By Marisse Cato

What does it mean to transfer political ideology into musical aesthetic? B.H.A.M
(Black History Arts Movement) starts firmly in the London jazz scene sound-world with the track “M.O.V.E.”. Sounding influences from afrobeat and highlife, the head is simultaneously liberating and accusatory. This insistent call to attention is matched with a preceding ideological and spiritual intention set by the group’s starlet producer and Ivors-nominated composer and bandleader Arowah Cleaver with “P.R.A.Y.”.
The album is made up of interludes and tracks that draw a sonic lineage backwards through time. Starting with incriminating basslines that soar, angular, punchy and daring solos from Jay Phelps on trumpet and Lorenz Okello-Osengor takes us to church with soulful organ resonating over the band and pews. We are carried through vocal echoes that bend time – poking and prodding us to MOVE, beyond dance, toward collective action.
Drawing from so many aspects of contemporary and historical Blackness, the
essence of Sankofa (Twi)– to learn from the past to inform the future – continues to run throughout. We hear numerous roll calls and references to 60s and 70s activism in the tracks, reminding us of these legacies. Their continued relevance is felt in the note-bending cello solos from Gary Washington that cut through the texture with Queen-like rock ‘n’ roll dramaticism.
Through funk, soul, gospel, blues and eventually toward the abstract in free jazz, the music keeps daring us to dream, to think beyond our current condition toward what liberation might be. This sentiment resonates somewhere between Jacques Attali’s assertion of noise-making as a deeply political act that the sound of hegemony seeks to silence and Audre Lorde’s critical assertion in her 1977 essay “Your Silence Will not Protect You”. To make a racket, is to refuse a pre-determined future that excludes your dreams. B.H.A.M pushes us to sound and move with integrity against forces that dare to prescribe imagination and possibility.

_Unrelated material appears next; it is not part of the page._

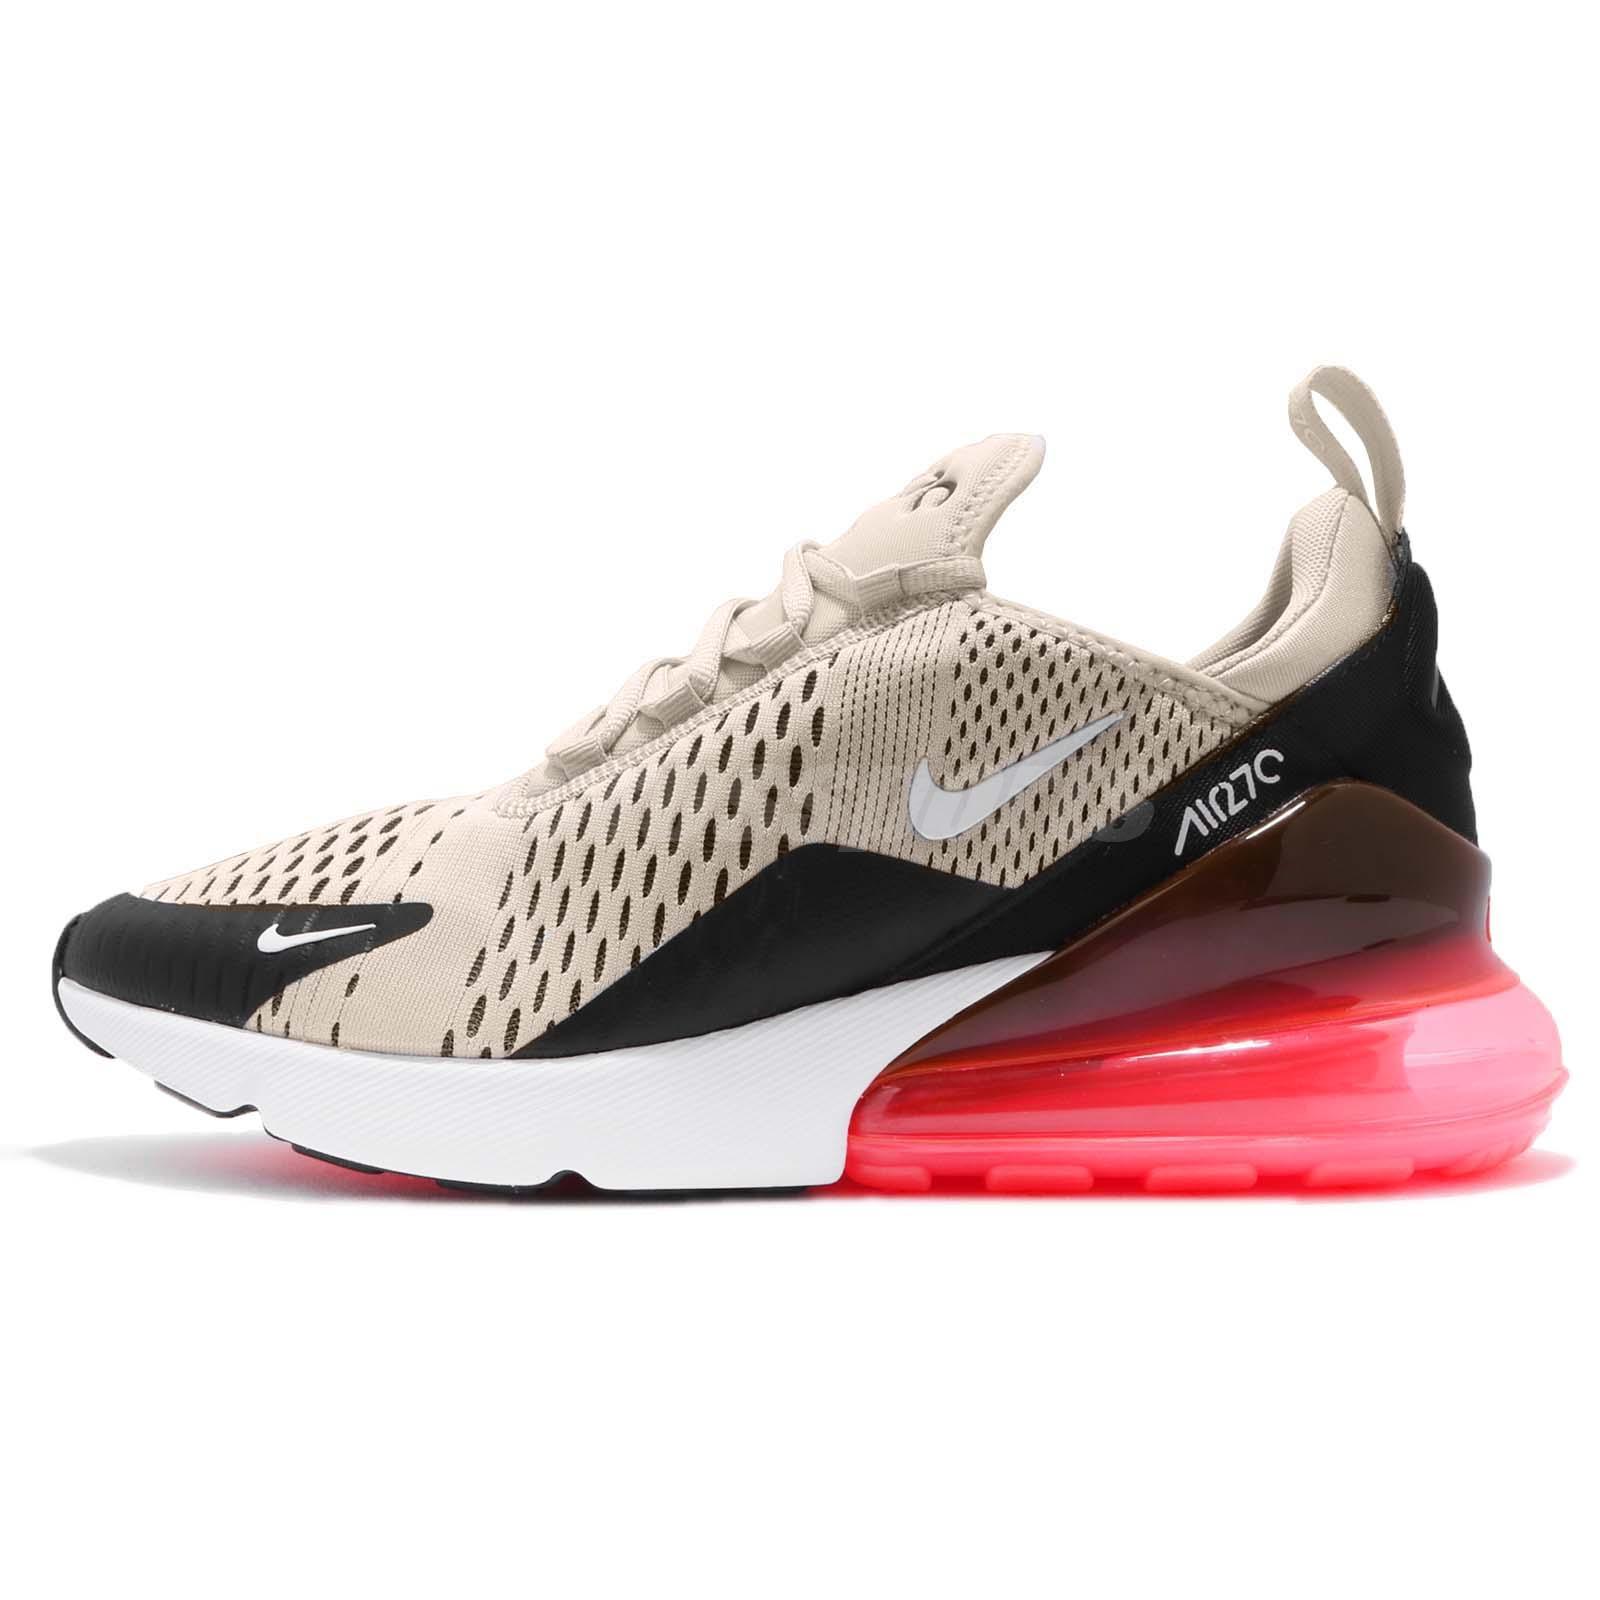 Nike Air Max 270 Black Light Bone Hot Punch Men Running Shoes Sneaker  AH8050-003

The album is a sonic representation of the mobilisation of a community of voices who are dreaming, visualizing, sounding and acting on the dreams of ancestors and continuing to build upon them. Cleaver’s acute sense of musical styles entwined with her research has brought together an album that radiates its own unique and poignant aesthetic structure that sounds its messages both with and without words. This type of music necessitates activity and begs the question, what might we do the day after we are liberated?